Regorafenib combined with a PD-1 inhibitor in the second-line setting for unresectable hepatocellular carcinoma in real-world practice

J Gastrointest Oncol. 2024 Feb 29;15(1):368-376. doi: 10.21037/jgo-23-618. Epub 2024 Feb 28.

Abstract

Background: Most advanced hepatocellular carcinoma (HCC) cases administered molecular targeted agents and/or anti-programmed cell death-1 (PD-1) inhibitors have no response or develop resistance. Moreover, second-line therapies still cannot provide beneficial clinical outcomes. A pilot study assessing combined regorafenib and PD-1 inhibitor as second-line treatment of advanced HCC reported promising effectiveness.

Methods: The current single-center, retrospective, real-world study was carried out between January 2019 and July 2021. Advanced HCC cases were administered second-line regorafenib combined with a PD-1 inhibitor or regorafenib alone were assessed. Progression-free survival (PFS), objective response rate (ORR), and disease control rate (DCR) were determined.

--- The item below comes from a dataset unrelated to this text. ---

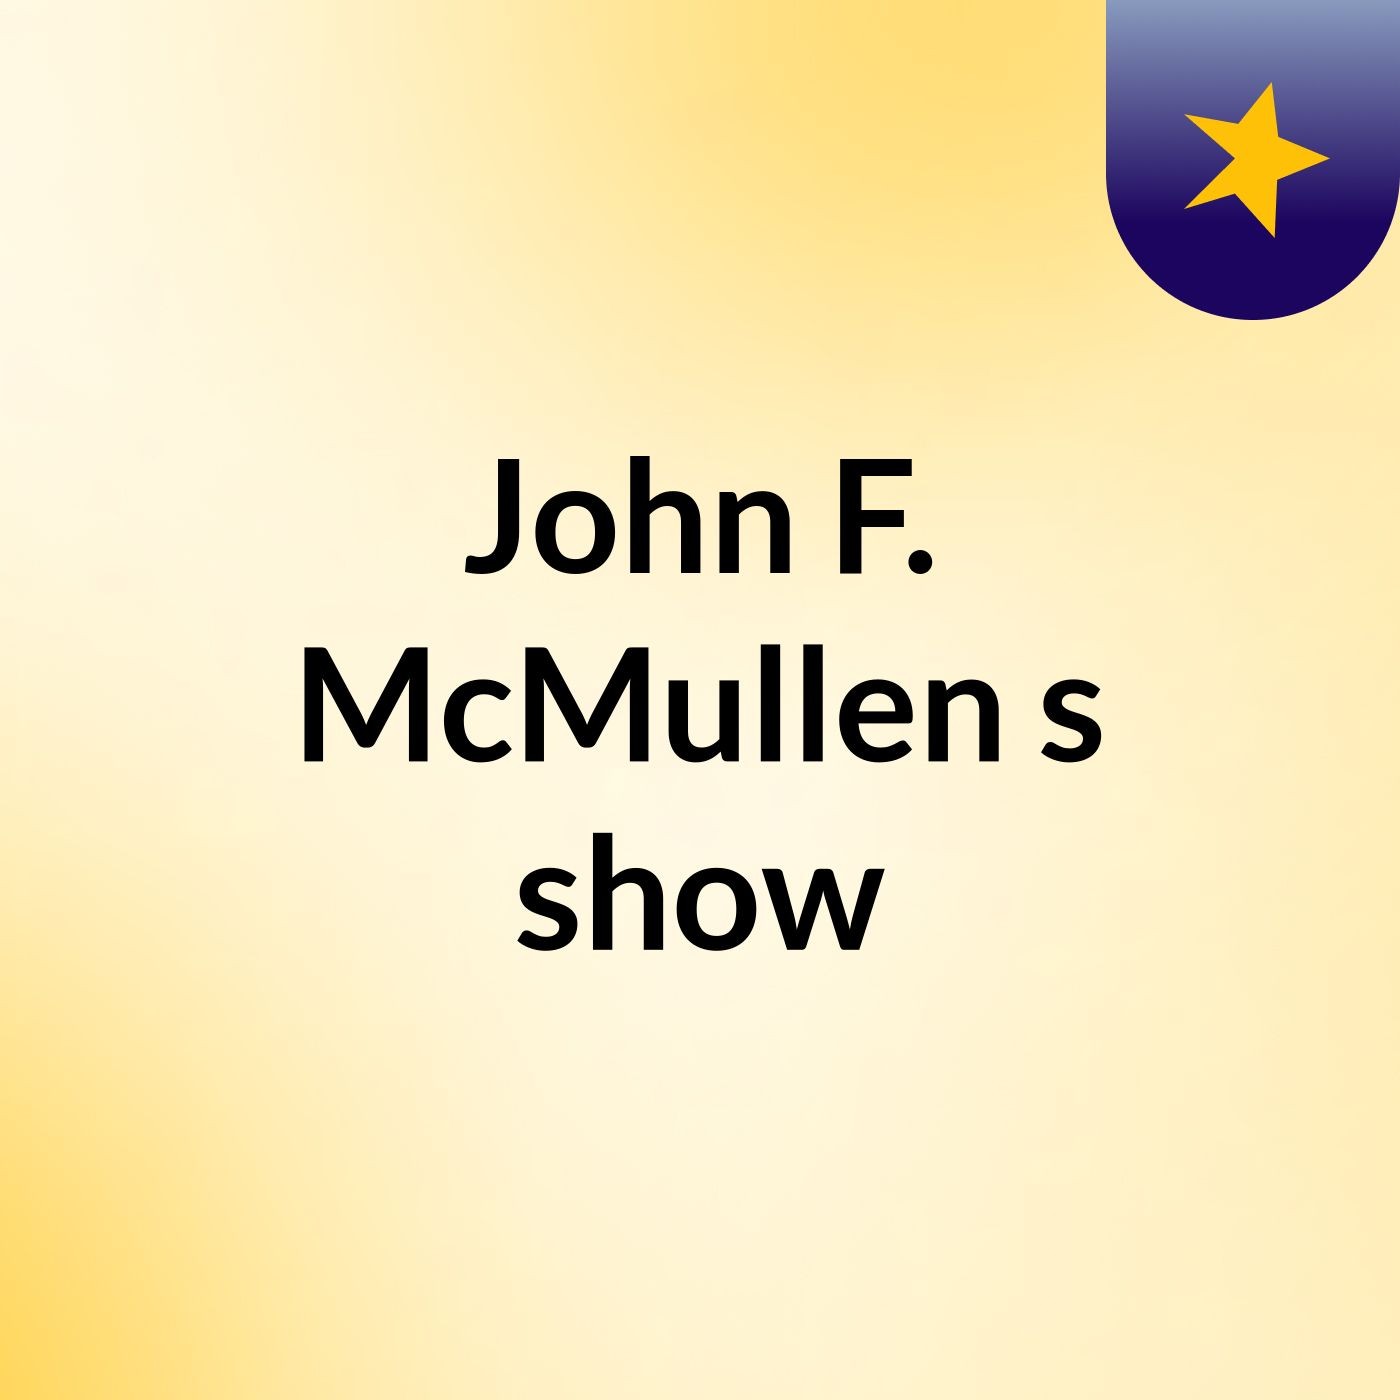 John F. McMullen's show

Results: Totally 46 HCC cases were analyzed, most of whom underwent previous systemic treatment comprising targeted therapy and immunotherapy. Tumor response was evaluated in 25 and 21 individuals in the regorafenib + PD-1 inhibitor and regorafenib monotherapy groups, respectively: ORRs were 21.7% and 8.7%, and DCRs were 47.8% and 32.6%, respectively. Median PFS was markedly longer in the regorafenib plus PD-1 inhibitor group (11.5 months) compared with the regorafenib monotherapy group (5.1 months, P=0.049).

Conclusions: This study suggested regorafenib and a PD-1 inhibitor in combination may provide significant clinical benefits in HCC cases showing progression following first-line treatment. Further analysis in real-world studies with large cohorts is warranted to confirm these findings.

Keywords: Hepatocellular carcinoma (HCC); anti-program death-1 inhibitors; immunotherapy; objective response rate (ORR); progression-free survival (PFS).